ANDREOTTI, Maria Beatriz. A constituição de alteridade a partir da linha do trem. O Bairro Padova-Nord em Pádua (Vêneto, Itália) e a Vila Industrial em Campinas (São Paulo, Brasil). Minha Cidade, São Paulo, ano 21, n. 248.03, Vitruvius, mar. 2021 <https://vitruvius.com.br/revistas/read/minhacidade/21.248/8052>.


Acesso ao túnel de pedestres, que liga o Vila Industrial ao Centro
Foto Paulo Humberto [Wikimedia Commons]


A Vila Industrial, em Campinas, constituiu-se como bairro apenas no século 19 com identidade fortemente marcada pela delimitação imposta pelos limites do trem. Com a chegada da ferrovia à cidade, em 1870, foi claramente definida pela linha férrea a demarcação entre o centro e a Vila Industrial. Local onde eram implantados os equipamentos urbanos degradados, para excluí-los da ‘cidade’, foi também posto de moradia da população operária e pobre. A partir da apropriação simbólica da linha do trem, estabeleceu-se uma dicotomia entre seus dois lados (1), onde o lado da Vila Industrial seria o receptor daquilo que deveria ser invisibilizado.

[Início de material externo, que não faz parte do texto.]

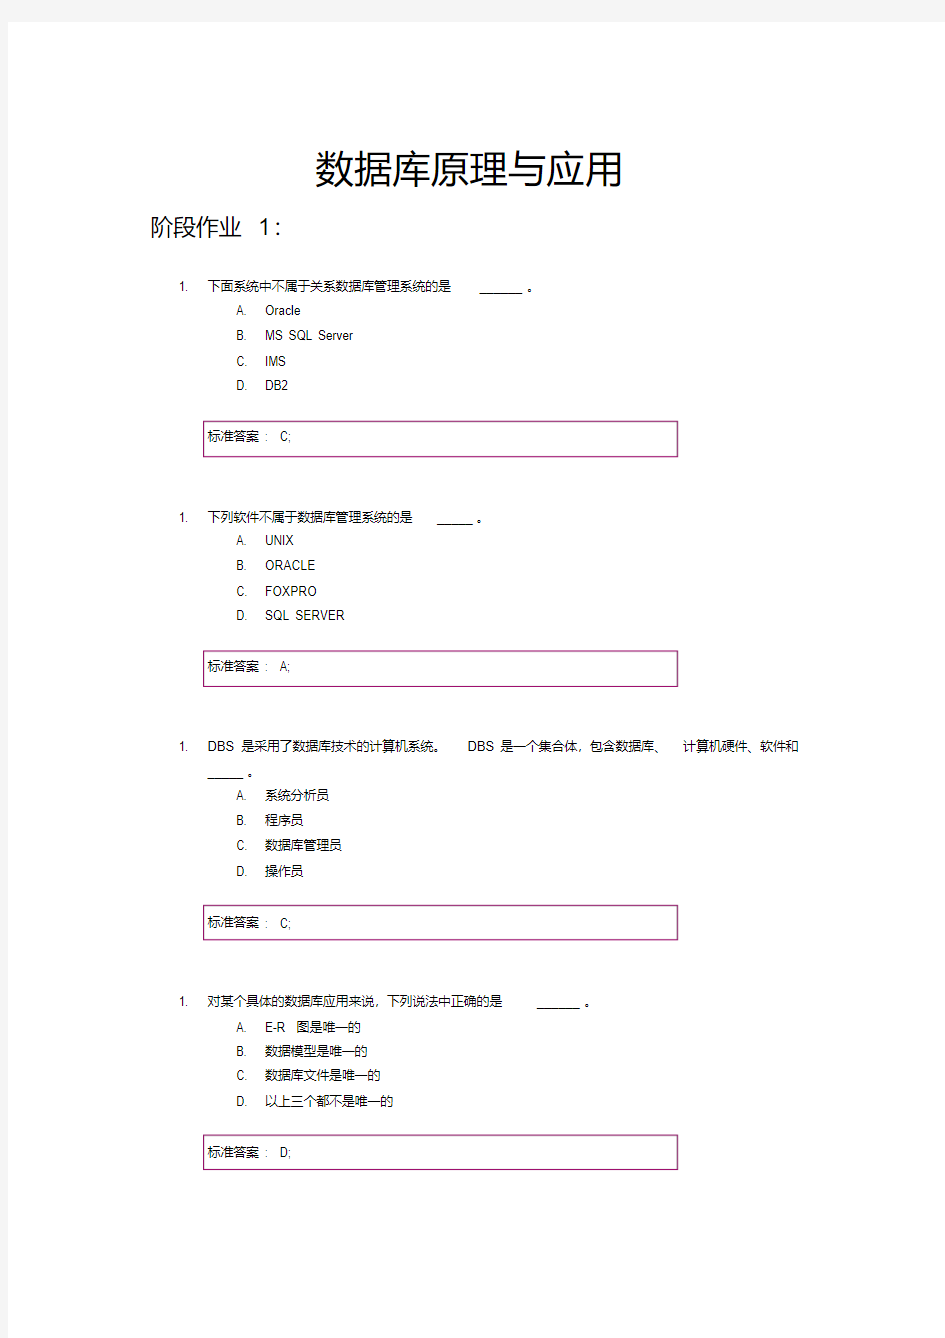 北京邮电大学-数据库原理与应用-阶段作业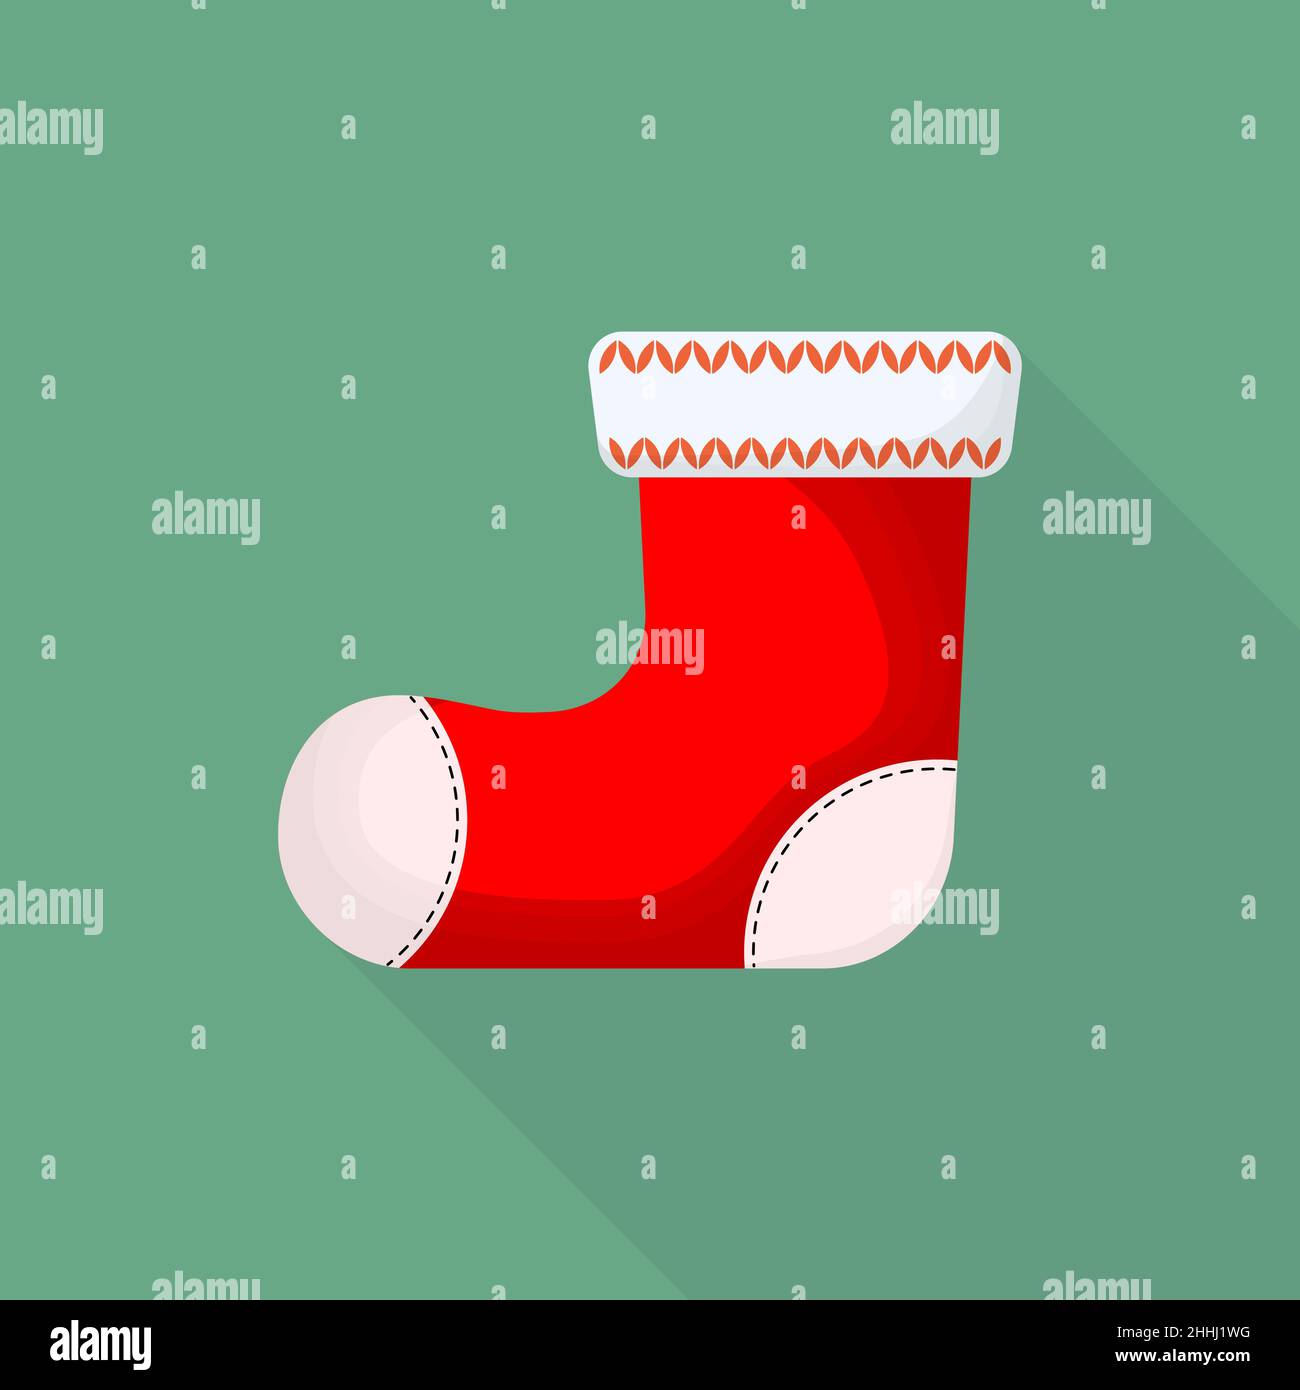 Roter weihnachtsstiefel mit langem Schatten, auf grünem Hintergrund. Vektorgrafik. Weihnachtsstiefel in flachem Design. Stock Vektor

O Bairro Padova-Nord, por sua vez, está situado ao norte da cidade de Pádua, Itália. Experimentou grande crescimento a partir do século 19, embora seu povoamento remonte ao período anterior à ocupação romana. Assim como o observado na constituição do bairro campineiro, seu desenvolvimento urbano foi fortemente marcado pela implantação da ferrovia, em 1842. Embora com características diversas daquelas apresentadas em Campinas, houve igualmente uma apropriação simbólica da divisão sugerida pela linha do trem. Isto porque o bairro concentra grande parte dos imigrantes residentes na cidade, uma população marginalizada, cuja tentativa também é de ocultá-la e distanciá-la da parte central e turística.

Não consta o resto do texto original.